What to do | Nothing may be left out of the listing below but its images; repeat the rest exactly.

Supplied information |
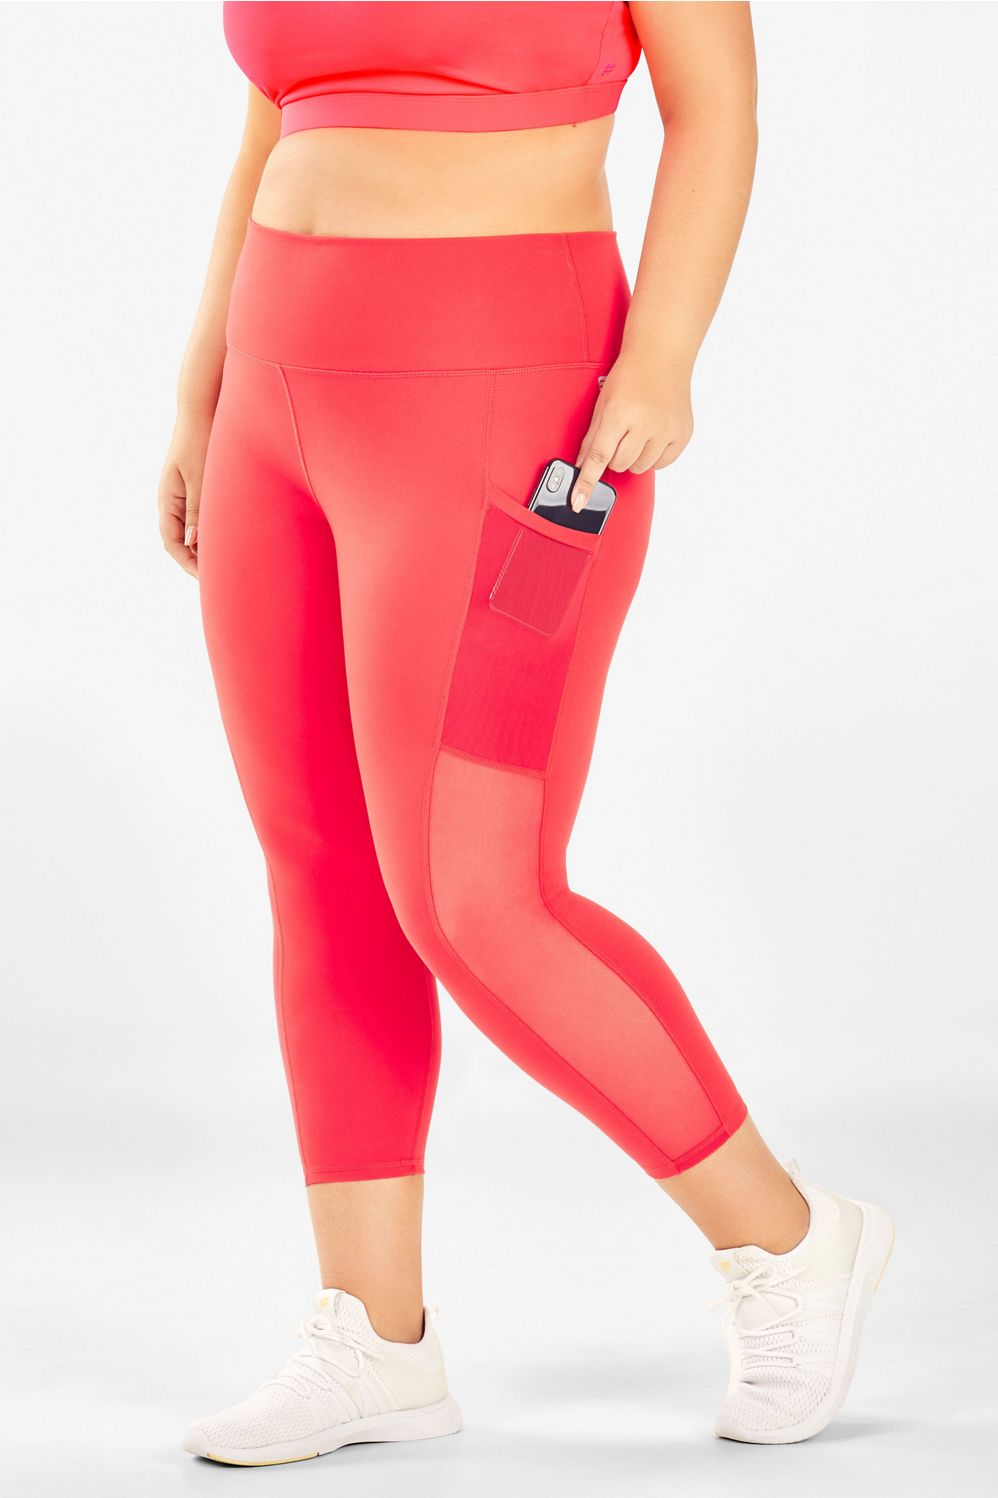 Mila High-Waisted Fabletics in Pop With Coral Legging Capri Pocket 
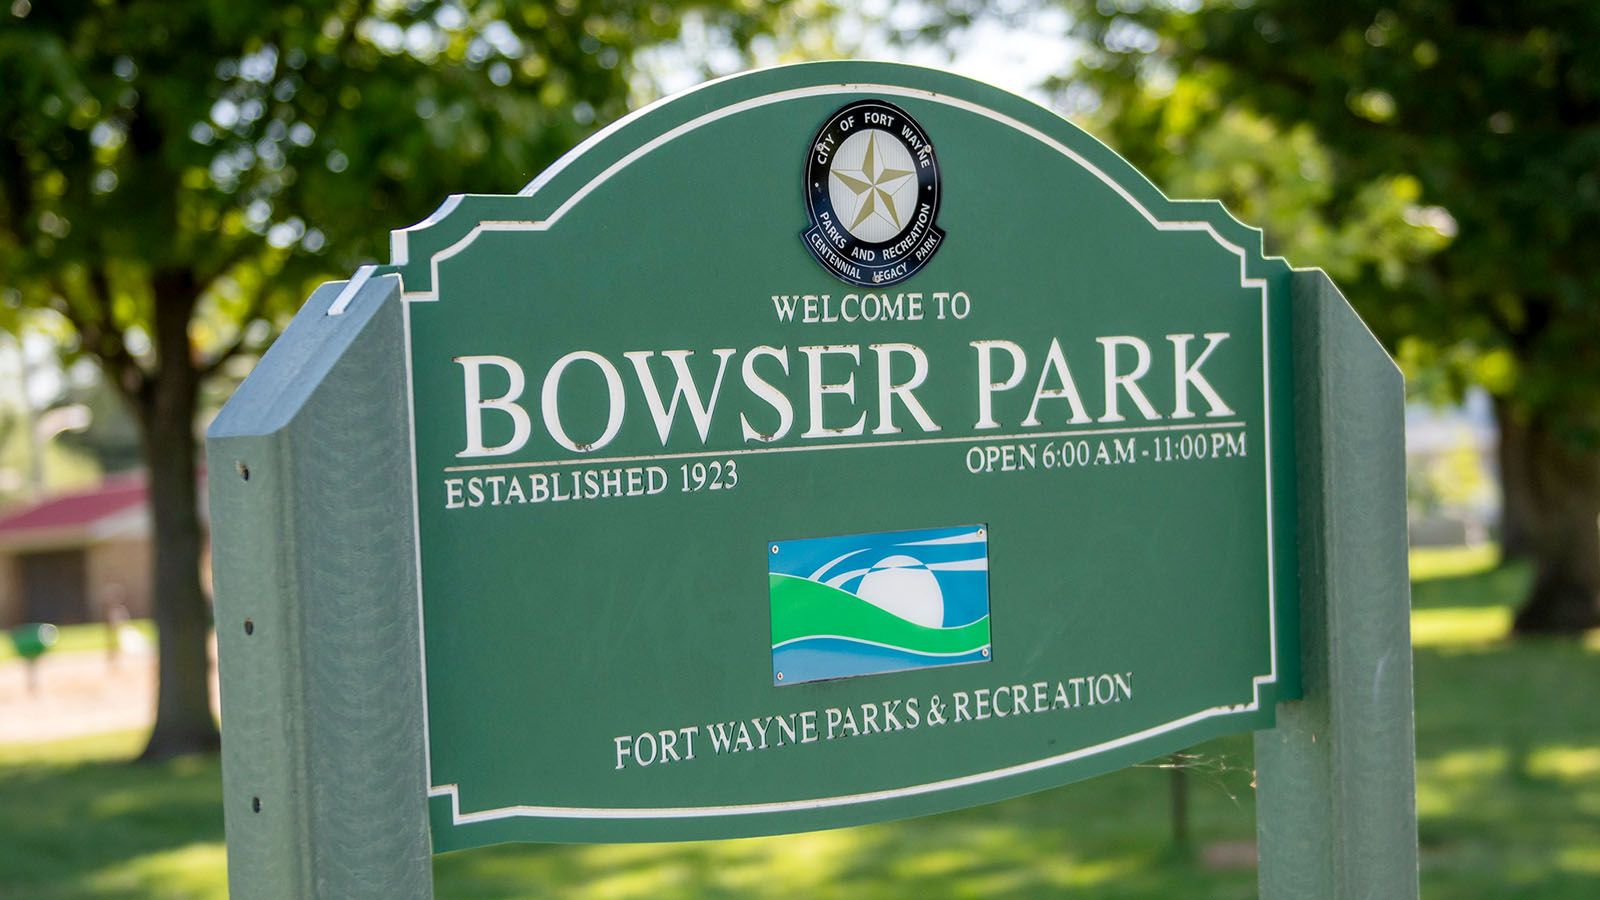 Bowser Park was recently recognized for its 100 years in Fort Wayne.
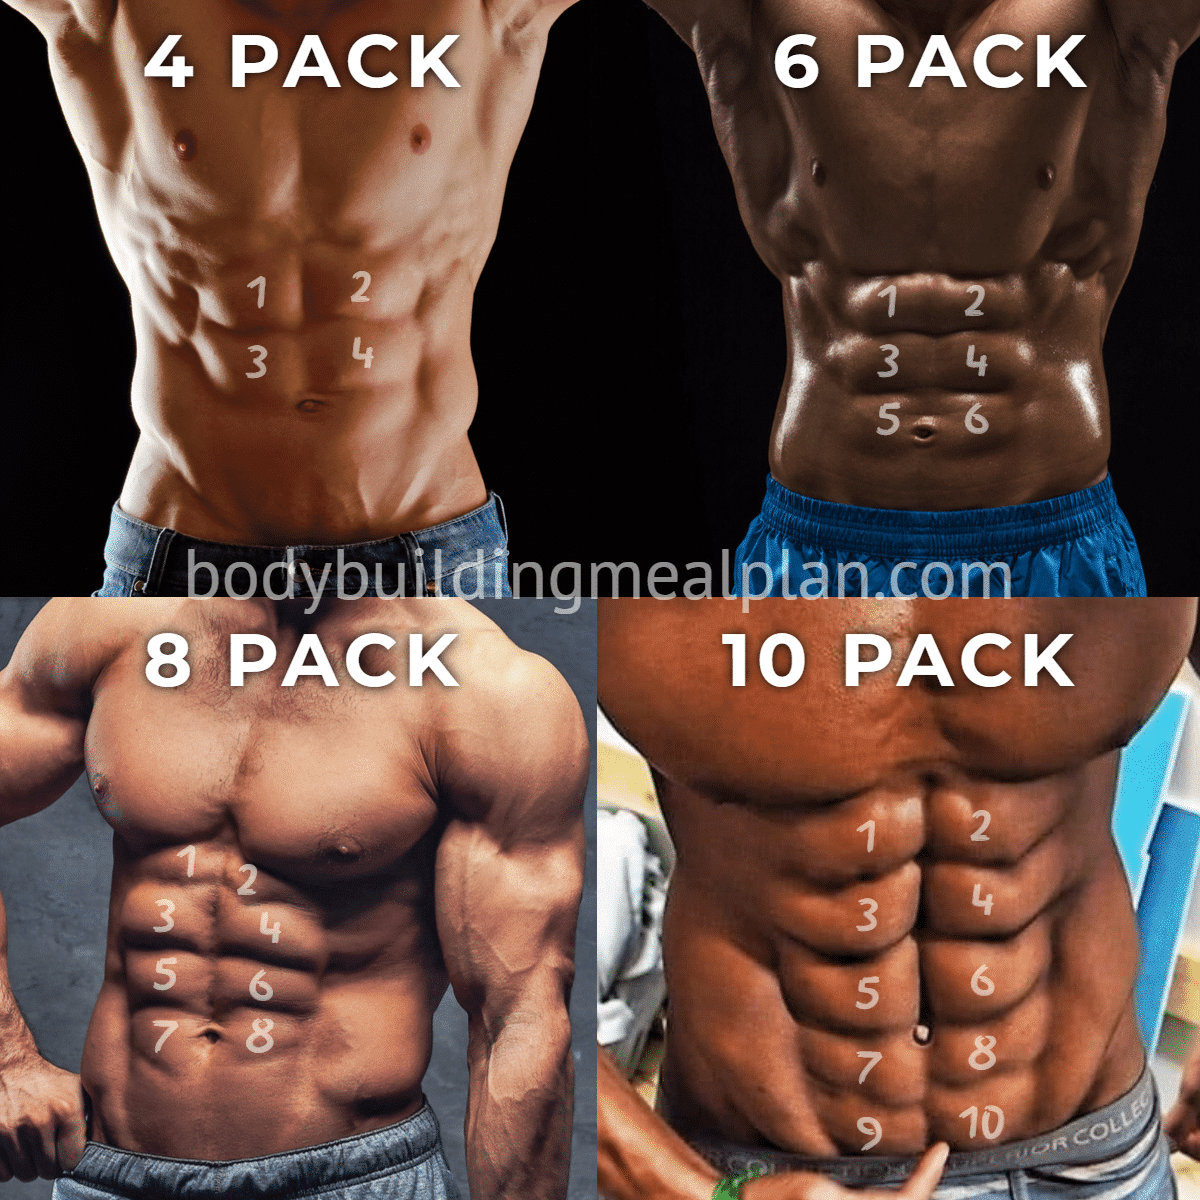 Why You Have 4 Pack Abs vs 6 Pack vs 8 Pack - SET FOR SET

Result of this task |
 Mila High-Waisted Fabletics in Pop With Coral Legging Capri Pocket 
 Bowser Park was recently recognized for its 100 years in Fort Wayne.
 Why You Have 4 Pack Abs vs 6 Pack vs 8 Pack - SET FOR SET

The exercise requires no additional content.